§ RECORDS FOR THIS TASK:
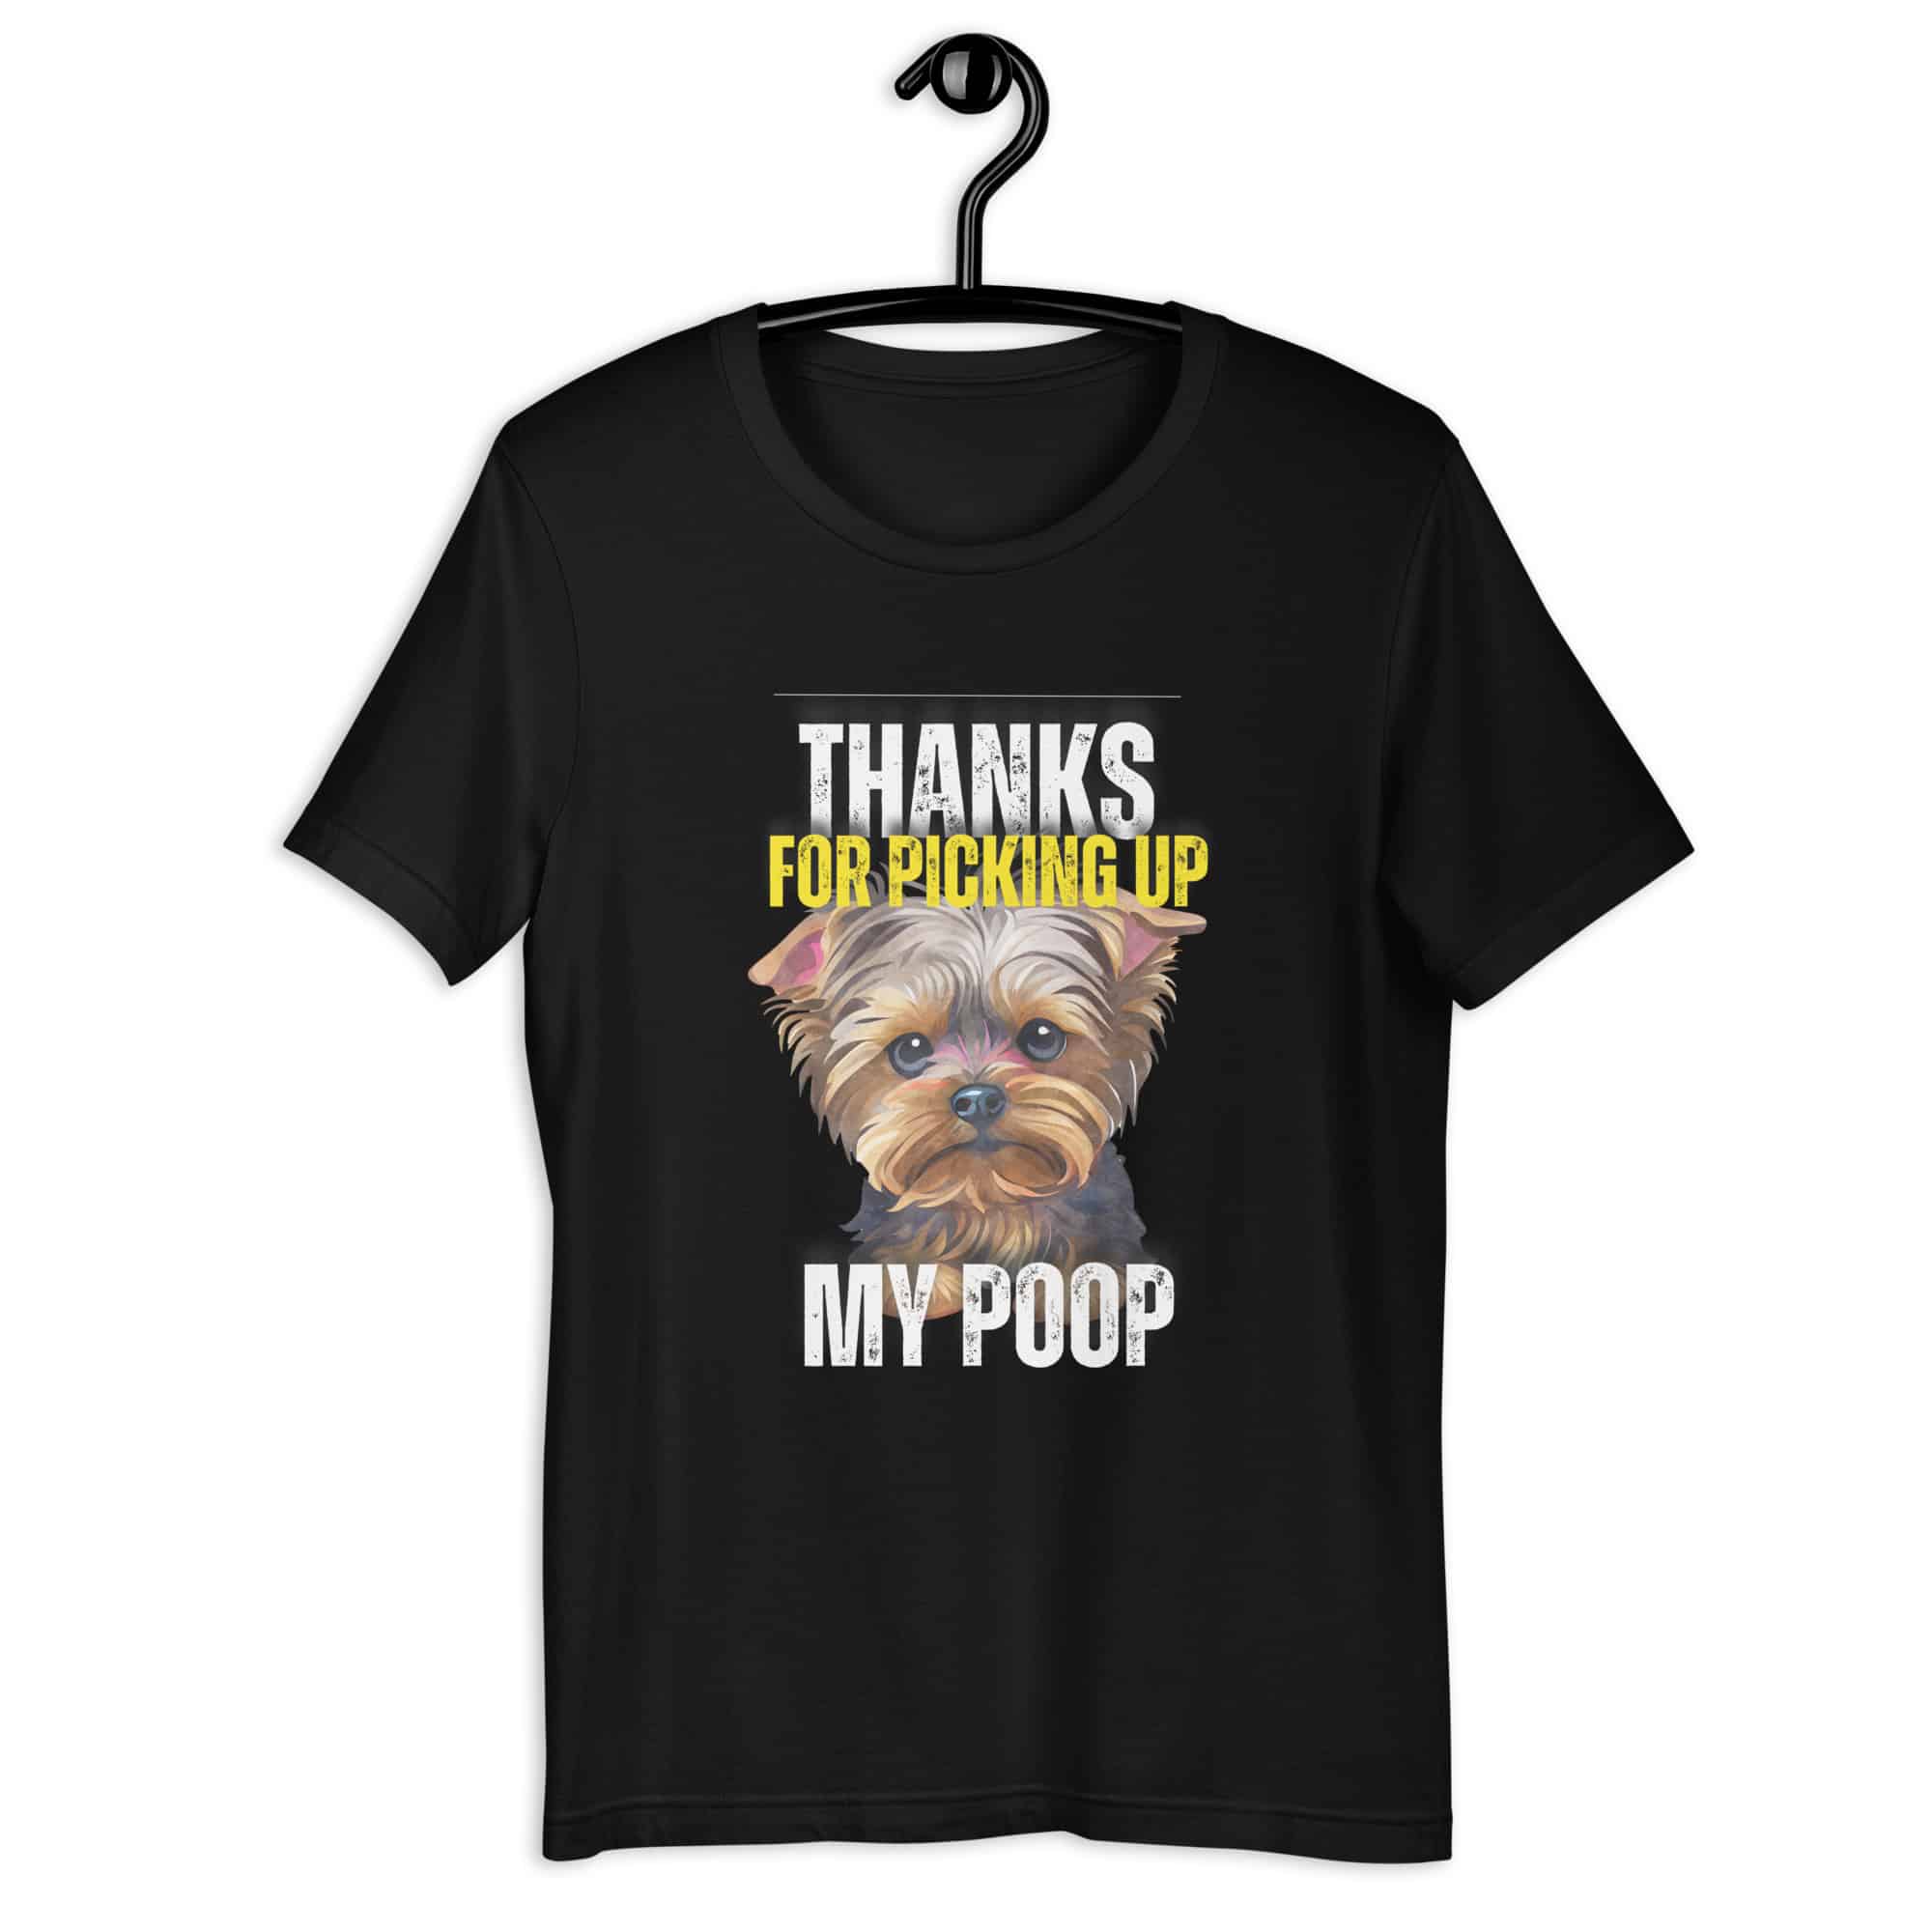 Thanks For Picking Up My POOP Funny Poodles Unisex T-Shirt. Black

...

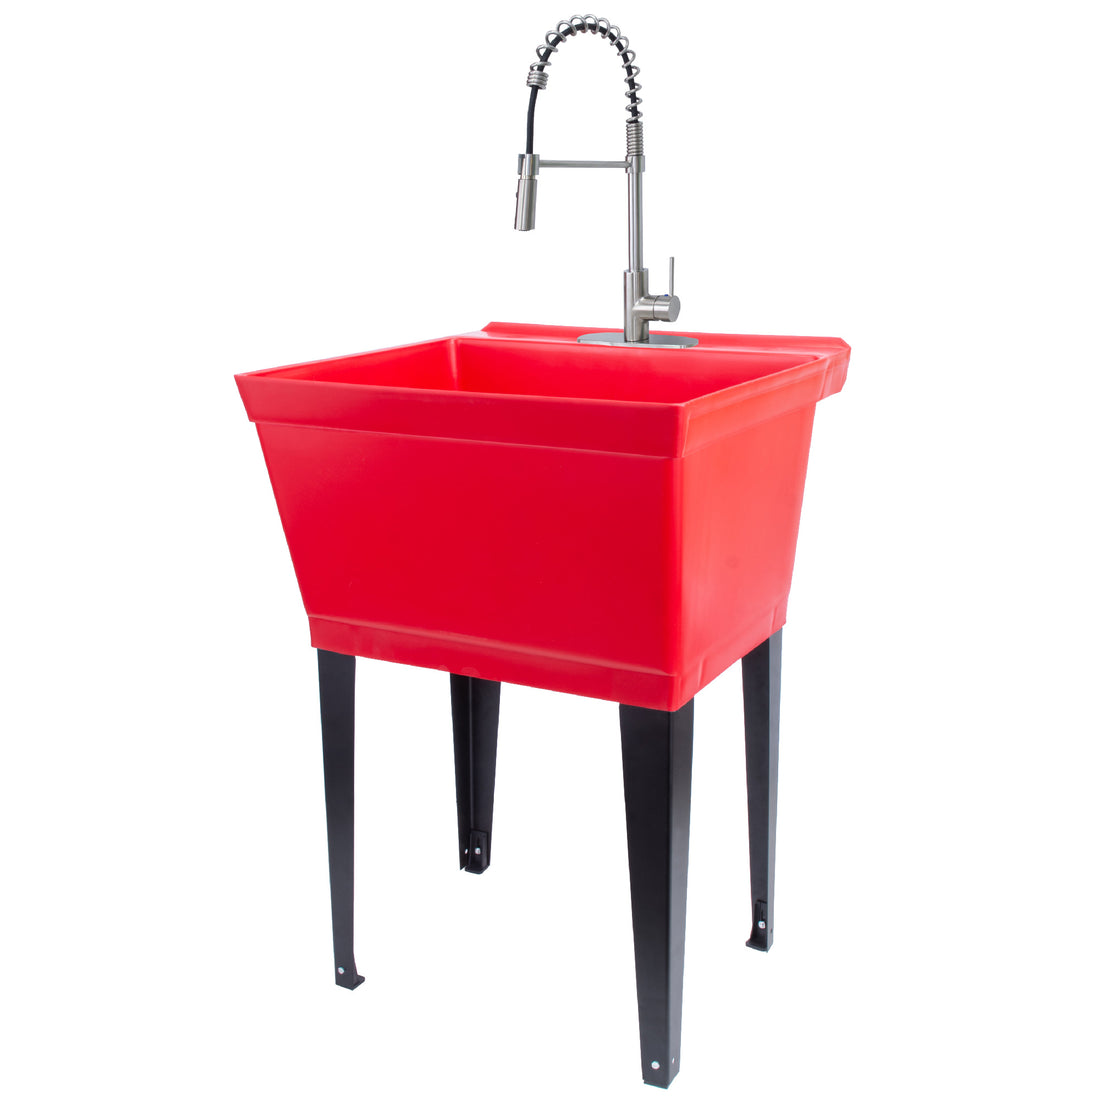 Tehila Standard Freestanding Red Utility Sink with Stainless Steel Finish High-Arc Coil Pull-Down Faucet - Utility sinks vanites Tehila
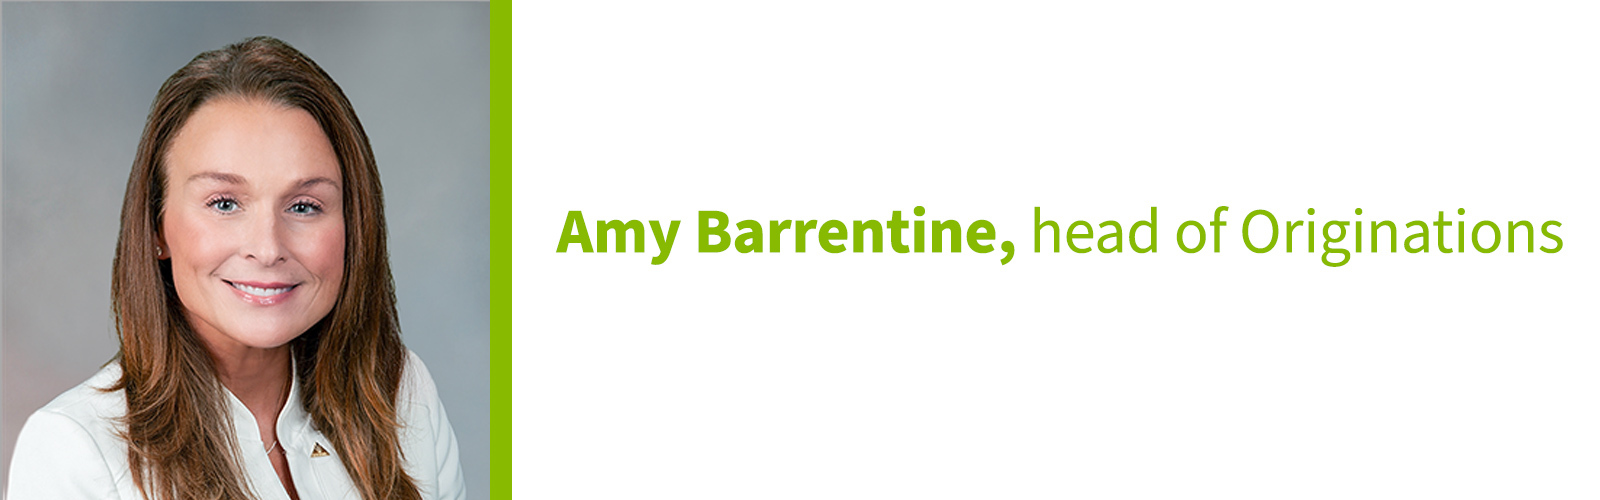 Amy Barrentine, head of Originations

* * *

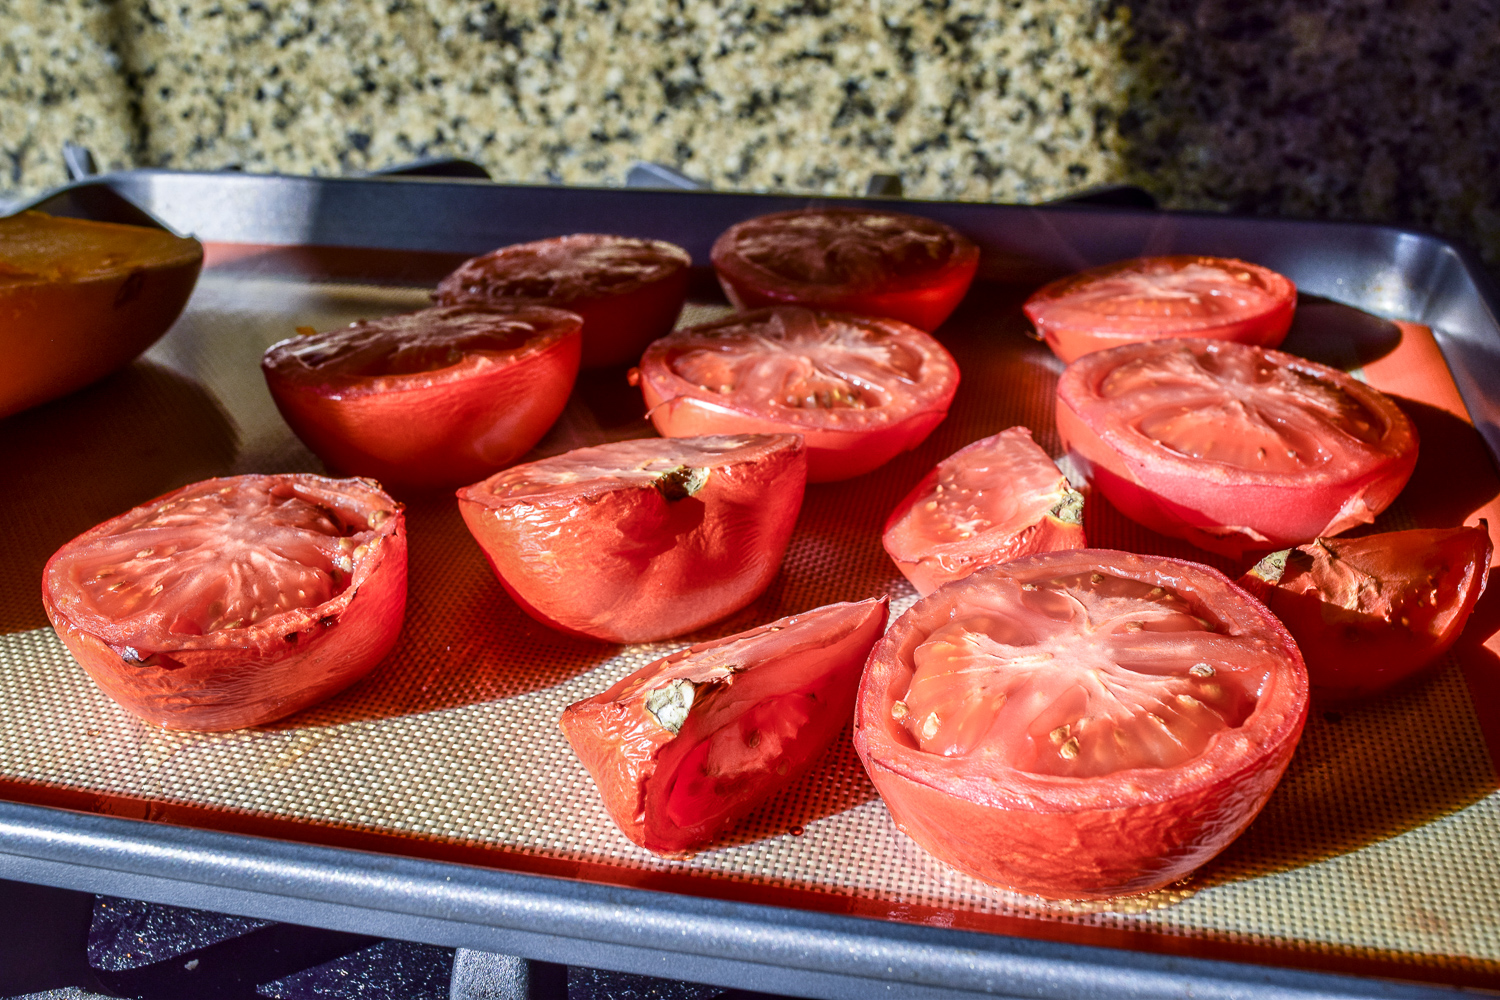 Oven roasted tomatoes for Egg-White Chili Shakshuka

§ WHAT THE EXERCISE ASKS:
Exact repeat of the material above: every line from the one with "Tehila Standard Freestanding" through the one with "Amy Barrentine, head of Originations", endpoints included, and nothing more. No pictures.

§ RESULT OF THE TASK:
 Tehila Standard Freestanding Red Utility Sink with Stainless Steel Finish High-Arc Coil Pull-Down Faucet - Utility sinks vanites Tehila
 Amy Barrentine, head of Originations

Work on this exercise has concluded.